Hi Fidel,
I would use lexer states and the filter method to handle such strings. I would define generic multiline_string_start and multiline_string_end tokens and use a filter to match them:
...
States
normal, string_body;
...
Tokens
{normal} multiline_string_start = '[' '='* '[';
{string_body} multiline_string_end = ']' '='* ']';
{string_body} multiline_string_character = any_character;
The filter for multiline_string_start would record the number of '=' characters and change the state to string_body. The filter for multiline_string_end would count the number of '=' characters and, if it doesn't match the recorded number, it would pushback the 2nd to last characters into the BufferedReader (in reverse order, of course) and replace the multiline_string_end token with a multiline_string_character corresponding to the first ']' character. If the number of '=' characters matches the recorded number, the state would be changed back to normal.

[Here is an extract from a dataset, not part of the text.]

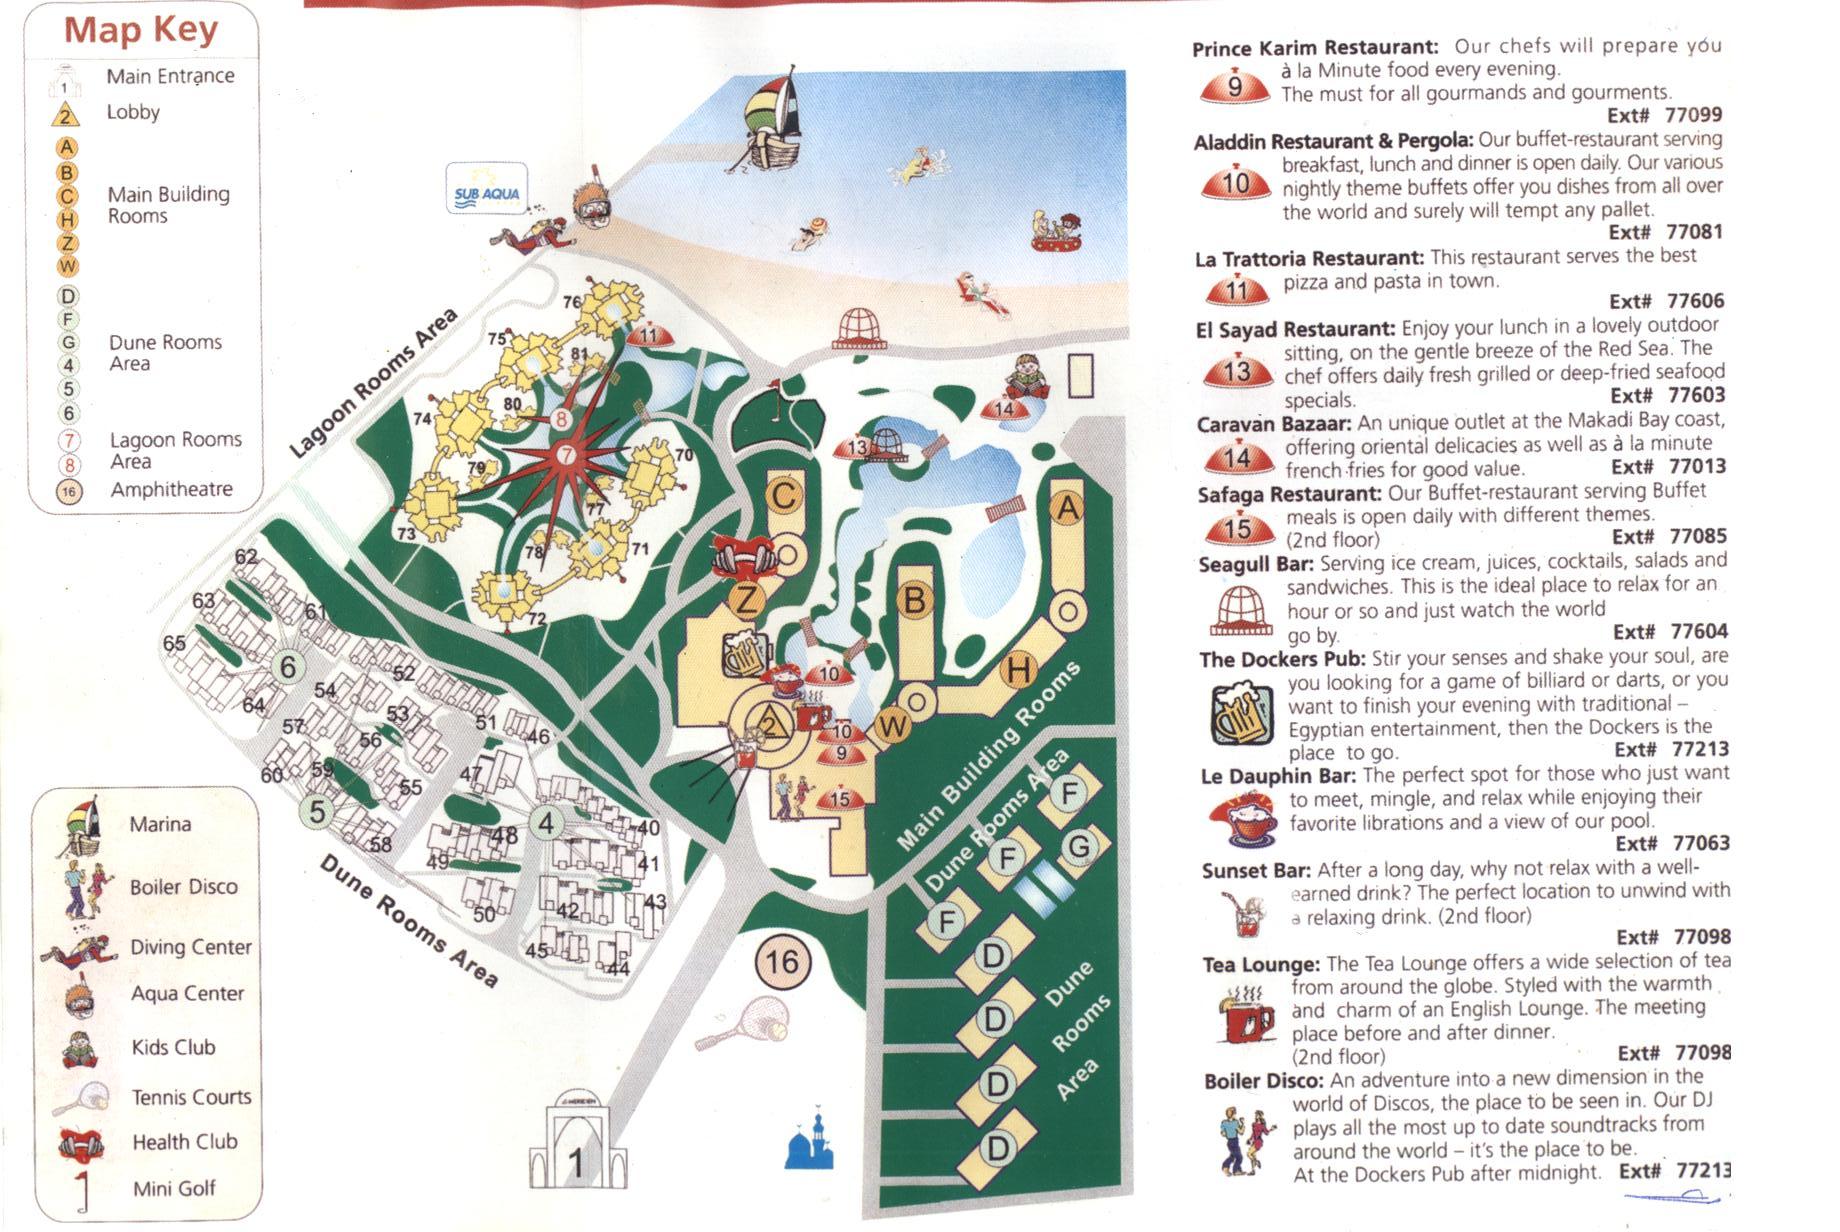 Карта Отеля Тиа Хайтс - filmsfinger: http://filmsfinger.weebly.com/blog/karta-otelya-tia-hayts

A deterministic finite automaton (as used by SableCC lexers) doesn't have memory to match exact '=' counts. An LR automaton (as used by SableCC parsers) has a single stack; this is sufficient to properly handle recursion, but it's insufficient to match '=' counts or, similarly in a programming langage with declarations, to detect whether a variable has been declared or not. Such counting requires a Turing Machine (which is equivalent to a DFA with two stacks or an infinite tape). SableCC encourages (when possible) to delay semantic analysis (which is the analysis of everything not already handled by the lexer's DFA and the parser's LR automaton) to a separate phase that follows lexing and parsing, using tree traversals with the DepthFirstAdaptor class. But, sometimes, like with multiline strings, some semantics must be handled during lexing and parsing and can't be delayed later. The filter() methods of the Lexer and Parser classes provide the ability to use a Turing-complete langage (Java) to analyze semantics during lexing and parsing, and, affect the output.
In other words, there's no way to escape the use of the filter method to handle the case you provided, which requires counting '=' characters for lexical matching.
Have fun!
Etienne